Giter Club home page Giter Club logo

ferl's Introduction

FERL: Feature Expansive Reward Learning

Control, planning, and learning system for human-robot interaction with a JACO2 7DOF robotic arm. Supports learning rewards from physical corrections, as well as learning new reward features.

Dependencies

  • Ubuntu 14.04, ROS Indigo, OpenRAVE, Python 2.7
  • or_trajopt, or_urdf, or_rviz, prpy, pr_ordata
  • kinova-ros
  • fcl

Running the FERL System on a Robot Arm

Setting up the JACO2 Robot

Turn the robot on and put it in home position by pressing and holding the center (yellow) button on the joystick.

In a new terminal, turn on the Kinova API by typing:

roslaunch kinova_bringup kinova_robot.launch kinova_robotType:=j2s7s300 use_urdf:=true

Feature Expansive Reward Learning

To demonstrate FERL on the Jaco arm, run (in another terminal window):

roslaunch FERL feature_elicitator.launch

The launch file first reads the corresponding yaml config/feature_elicitator.yaml containing all important parameters, then runs feature_elicitator.py.
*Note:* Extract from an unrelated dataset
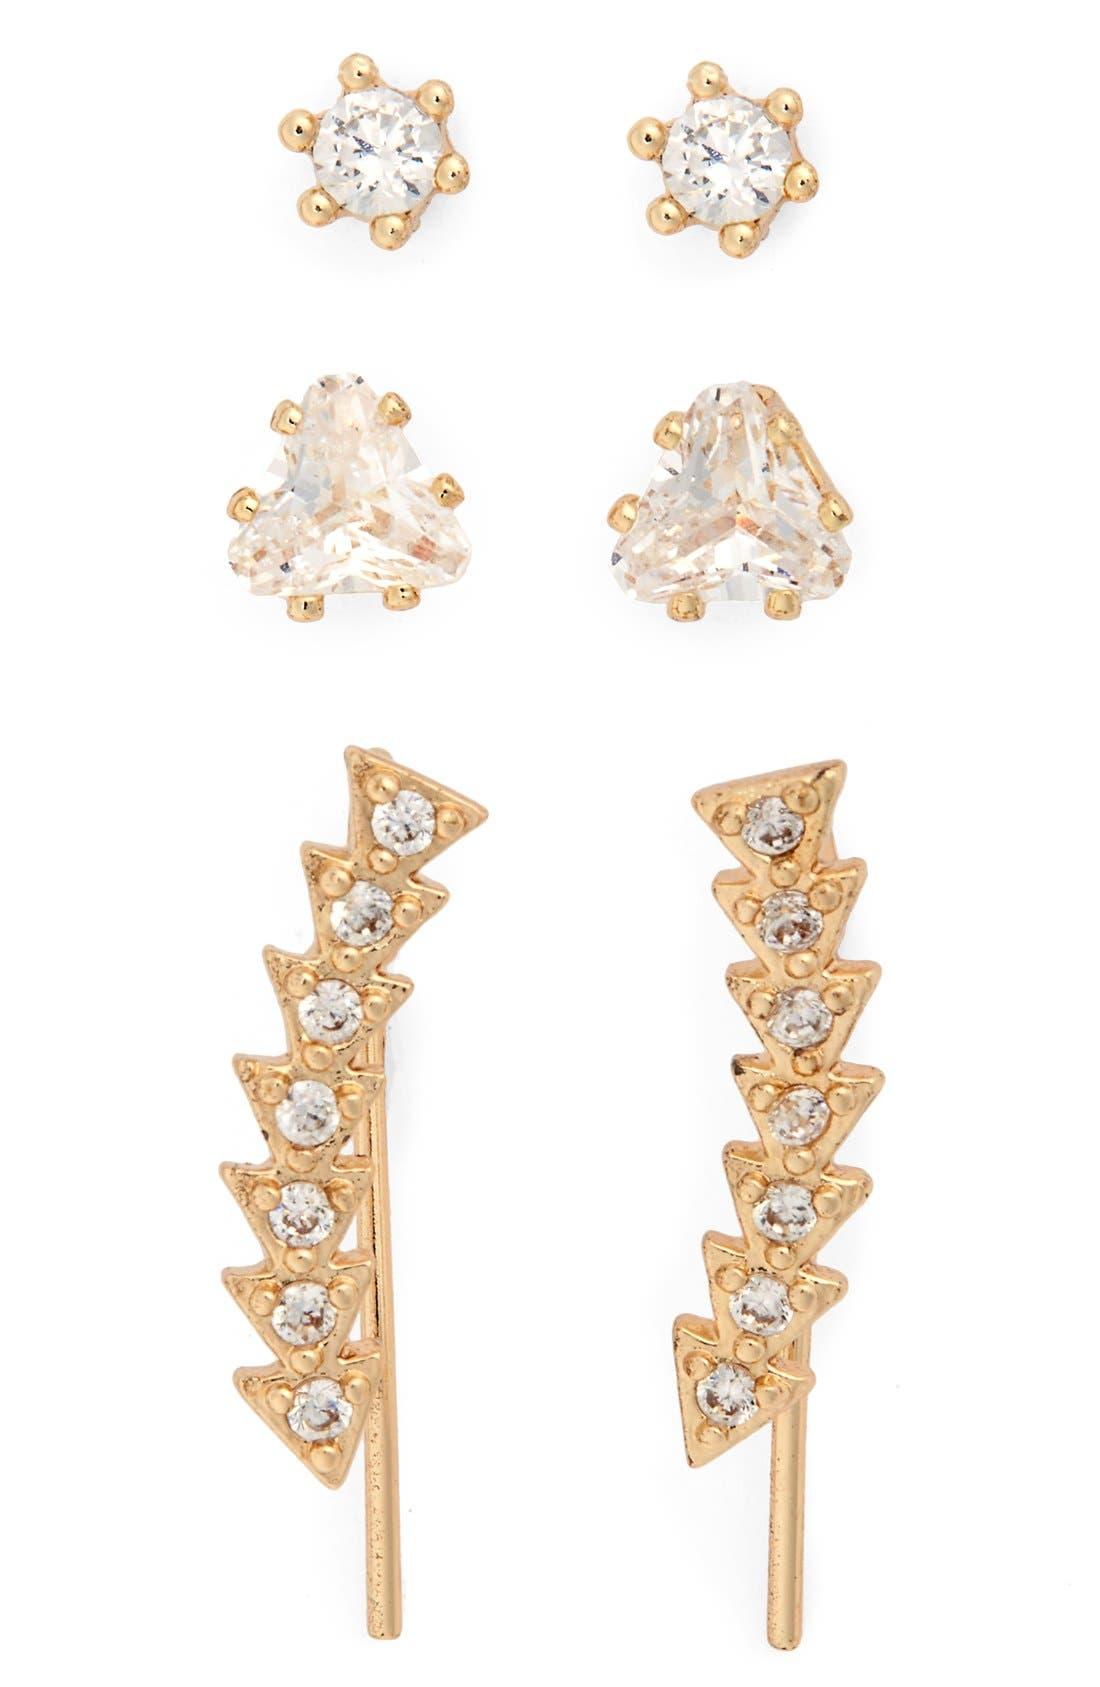 Alternate Image 1 Selected - Loren Olivia Crystal Stud Earrings & Ear Crawlers (Set of 3)

Given a start, a goal, and other task specifications, a planner plans an optimal path, then the controller executes it. For a selection of planners and controllers, see src/planners (TrajOpt supported currently) and src/controllers (PID supported currently). The yaml file should contain parameter information to instantiate these two components.

A human can apply a physical correction to change the way the robot is executing the task. Depending on the learning method used, the robot learns from the human torque accordingly and updates its trajectory in real-time. With FERL, if the robot has low confidence in its ability to explain the human correction, it enters a feature learning stage: the robot stops following the planned trajectory and, instead, listens for feature traces from the human. Once it learns a new feature from these traces, the robot updates its reward, and resumes execution of the new path, from the position where it paused.

Some important parameters for specifying the task in the yaml include:

  • start: Jaco start configuration
  • goal: Jaco goal configuration
  • goal_pose: Jaco goal pose (optional)
  • T: Time duration of the path
  • timestep: Timestep dicretization between two consecutive waypoints on a path.
  • feat_list: List of features the robot's initial internal representation contains. Options: "table" (distance to table), "coffee" (coffee cup orientation), "human" (distance to human), "laptop" (distance to laptop), "proxemics" (distance from the human, more penalized in front than on the sides), "efficiency" (velocity), "between objects" (distance from between two objects).
  • feat_weights: Initial feature weights.
  • CONFIDENCE_THRESHOLD: Threshold for confidence estimate below which the algorithm enters feature learning mode.
  • N_QUERIES: Number of feature traces to ask a person for per learned feature.
  • nb_layers: Number of layers for a newly learned feature.
  • nb_units: Number of units for a newly learned feature.

Some task-specific parameters in addition to the ones above include environment, planner, controller, and reward learner specific parameters that have been tuned and don't need to be changed. If you have questions about how to change those, contact the authors.

References

Running the FERL Feature Learning in a Docker container

Starting the Docker Container

We also provide a docker image with Ubuntu, ROS, and all necessary packages installed. Just clone the FERL repo and then run the following docker command to download and run the docker image.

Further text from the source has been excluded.